··· DATASET EXTRACT ···
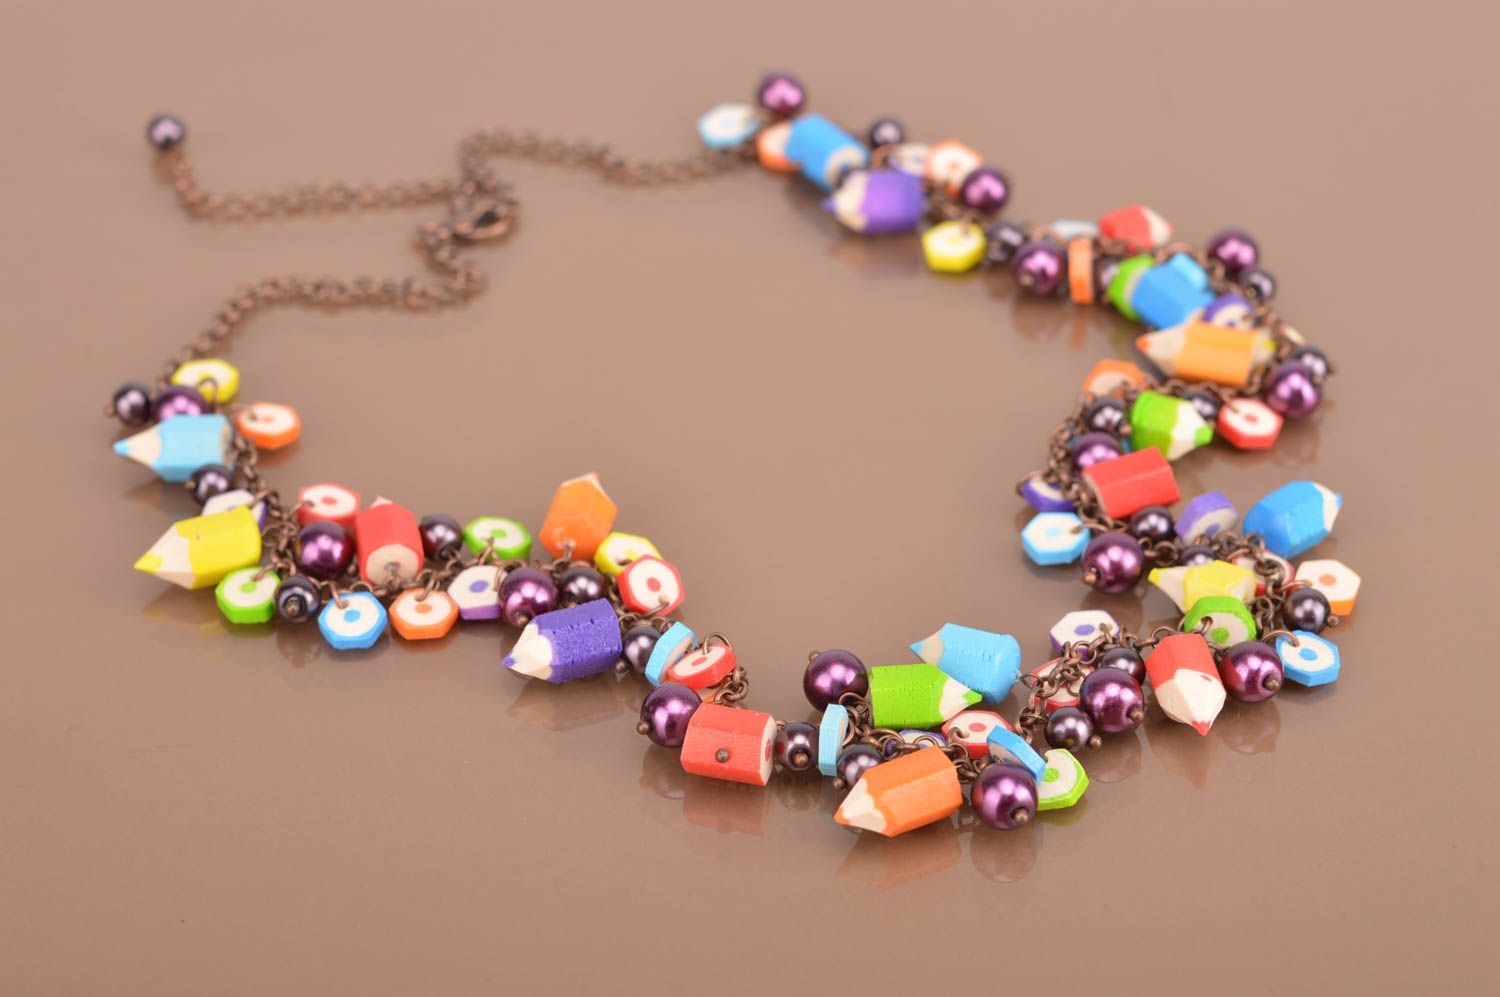 Unusual handmade polymer clay necklace funny plastic necklace jewelry designs photo 2
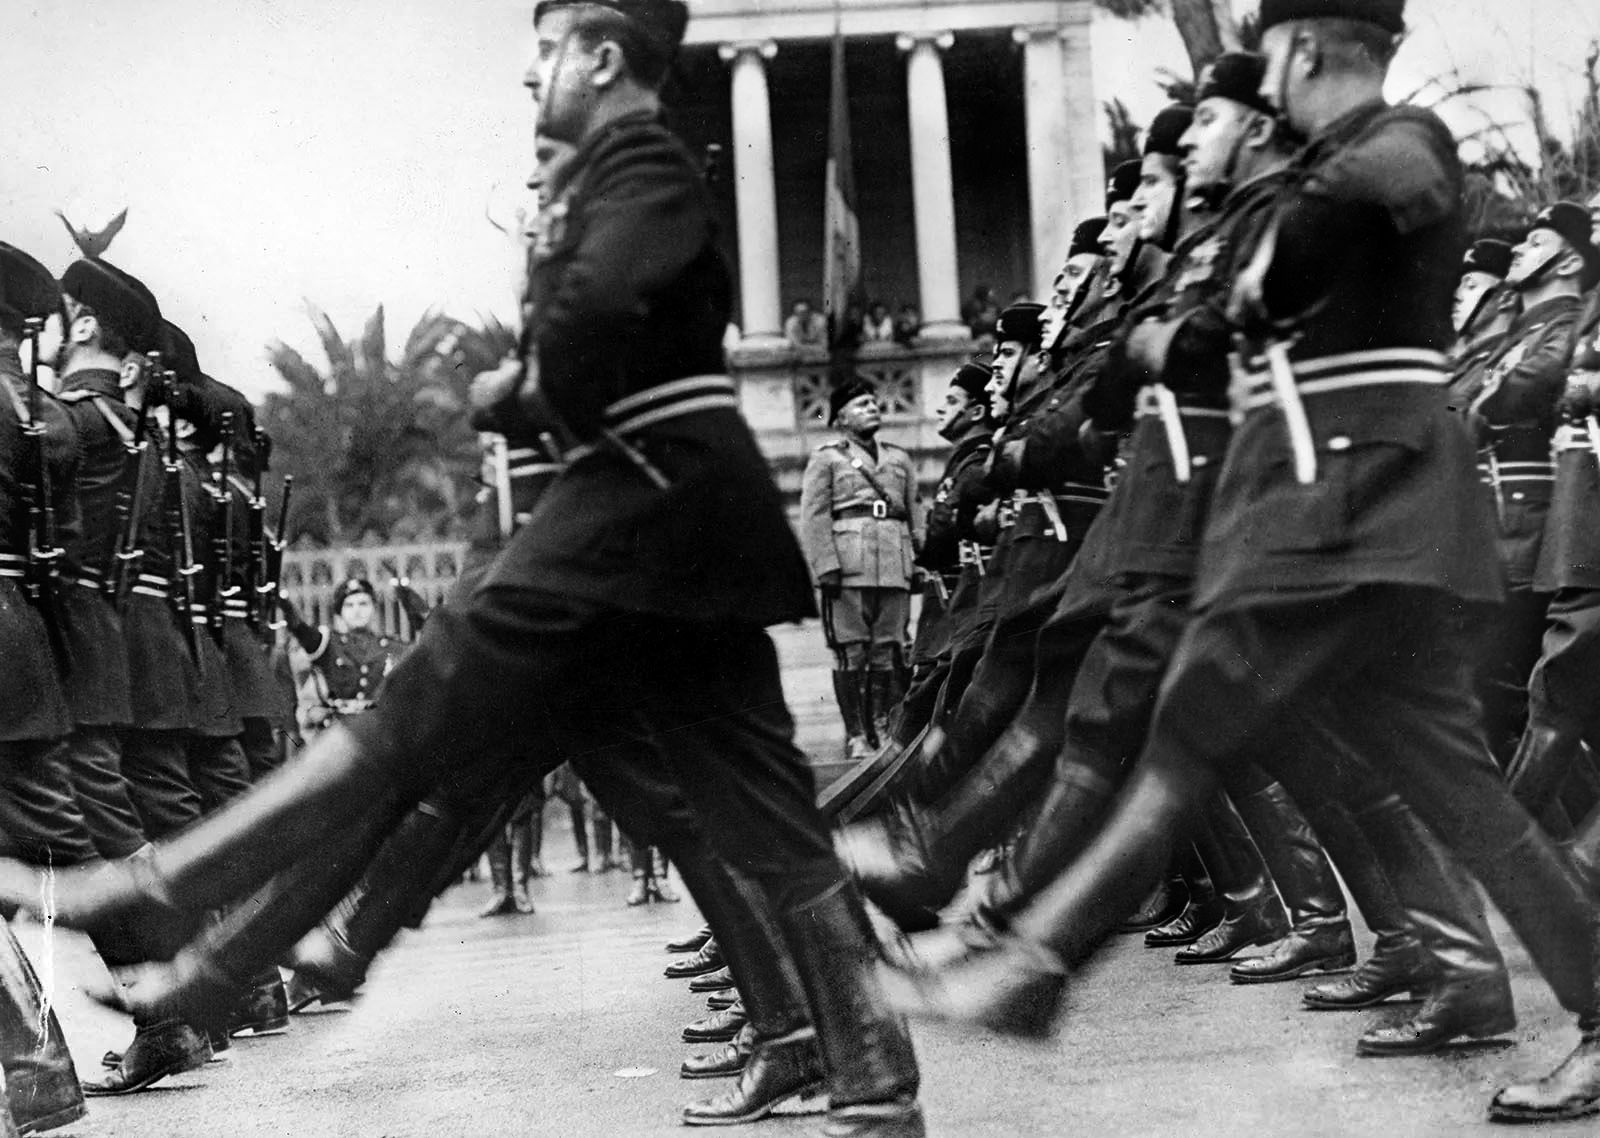 Italian dictator Benito Mussolini (center) reviews his goose-stepping troops during a parade in Rome early in the war when fortunes were smiling on the Axis powers.
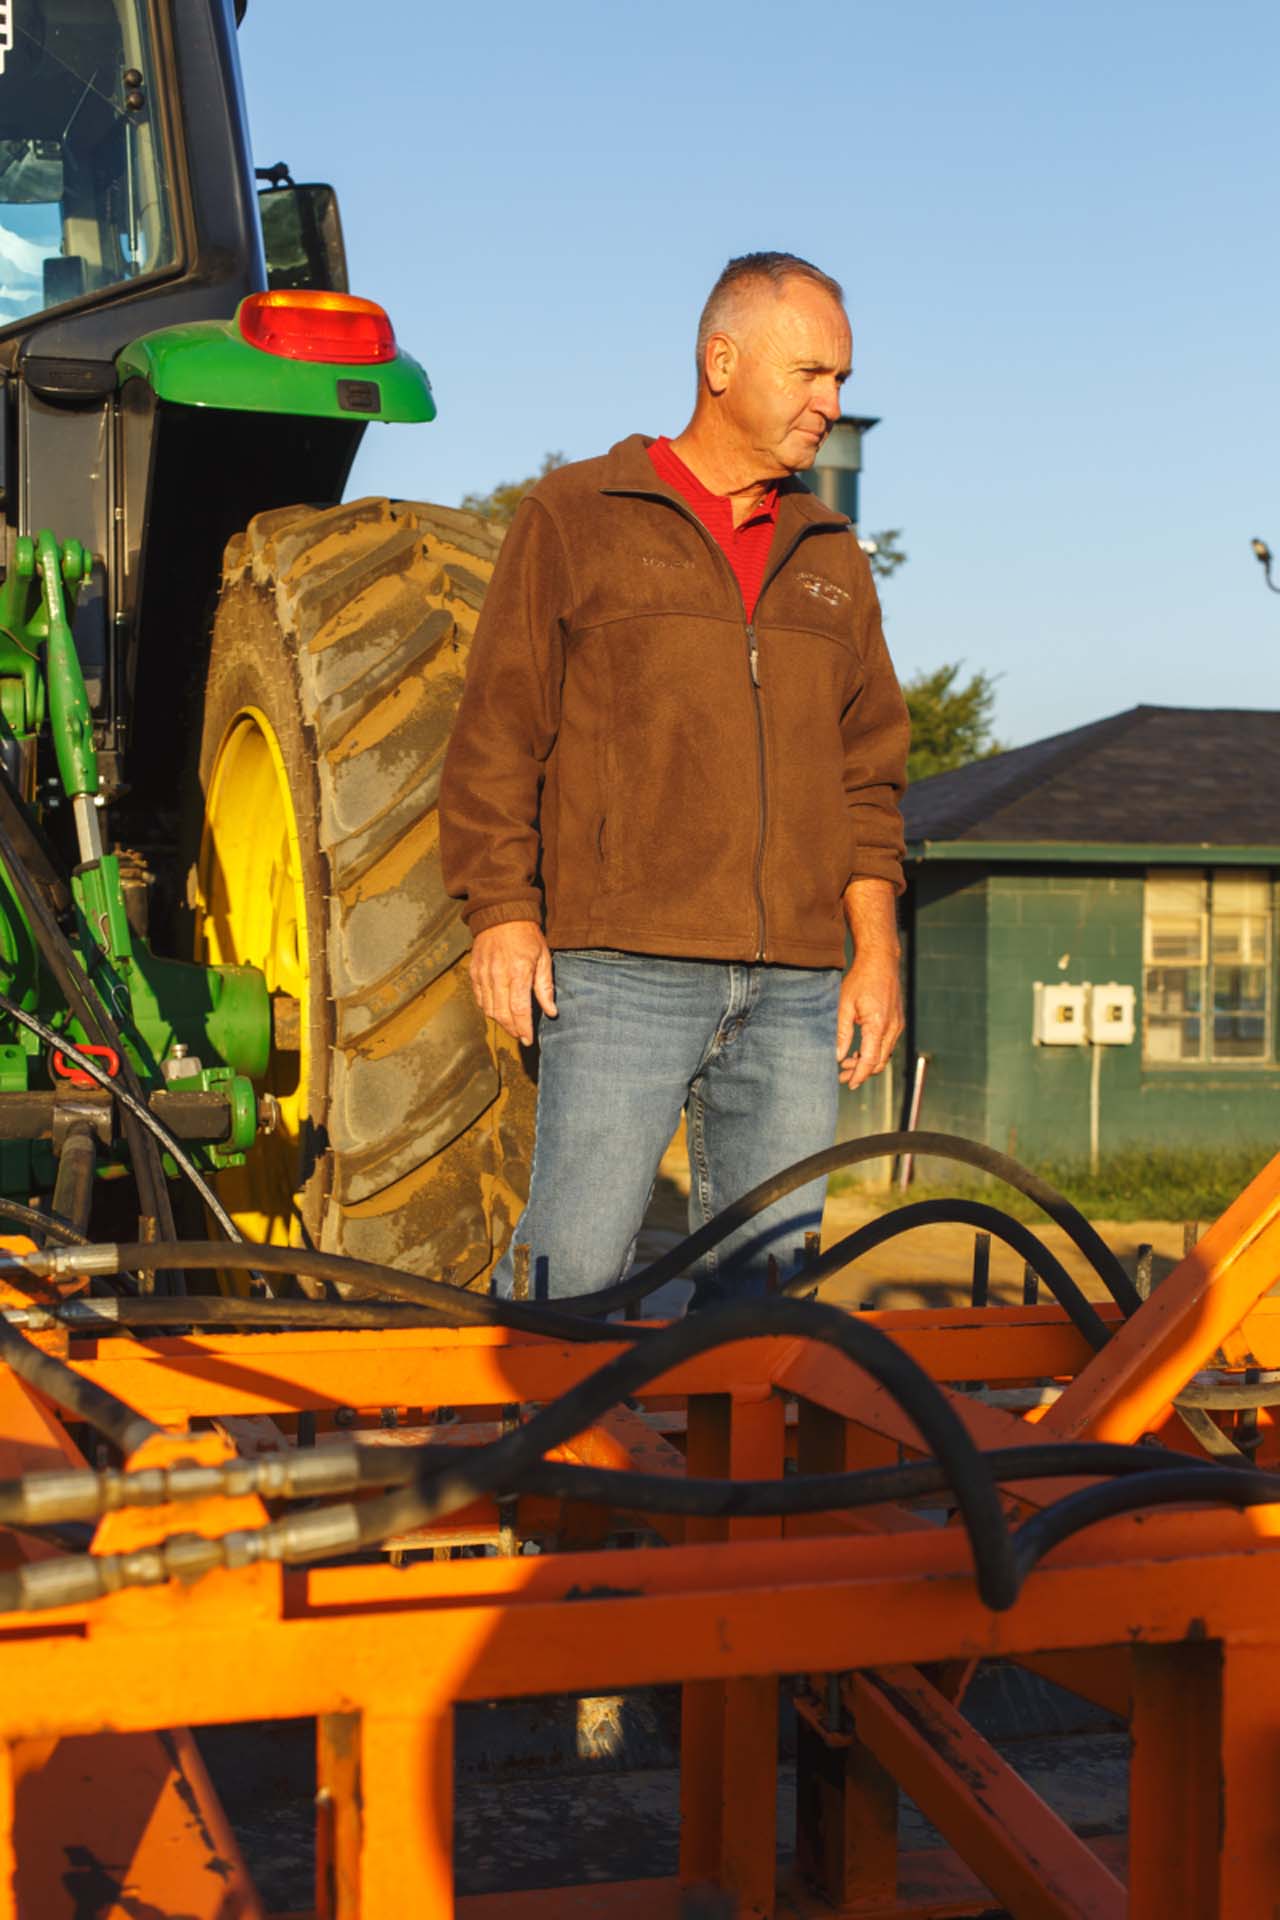 A candid photo of Jim Pendergest standing in front of a large piece of equipment. He is an older White man with short gray hair. He is wearing a brown jacket over a red polo and a pair of blue jeans.
···
PROBLEM REQUIREMENTS
Without including any picture, output all the material exactly as it appears.

REPLY
 Unusual handmade polymer clay necklace funny plastic necklace jewelry designs photo 2
 Italian dictator Benito Mussolini (center) reviews his goose-stepping troops during a parade in Rome early in the war when fortunes were smiling on the Axis powers.
 A candid photo of Jim Pendergest standing in front of a large piece of equipment. He is an older White man with short gray hair. He is wearing a brown jacket over a red polo and a pair of blue jeans.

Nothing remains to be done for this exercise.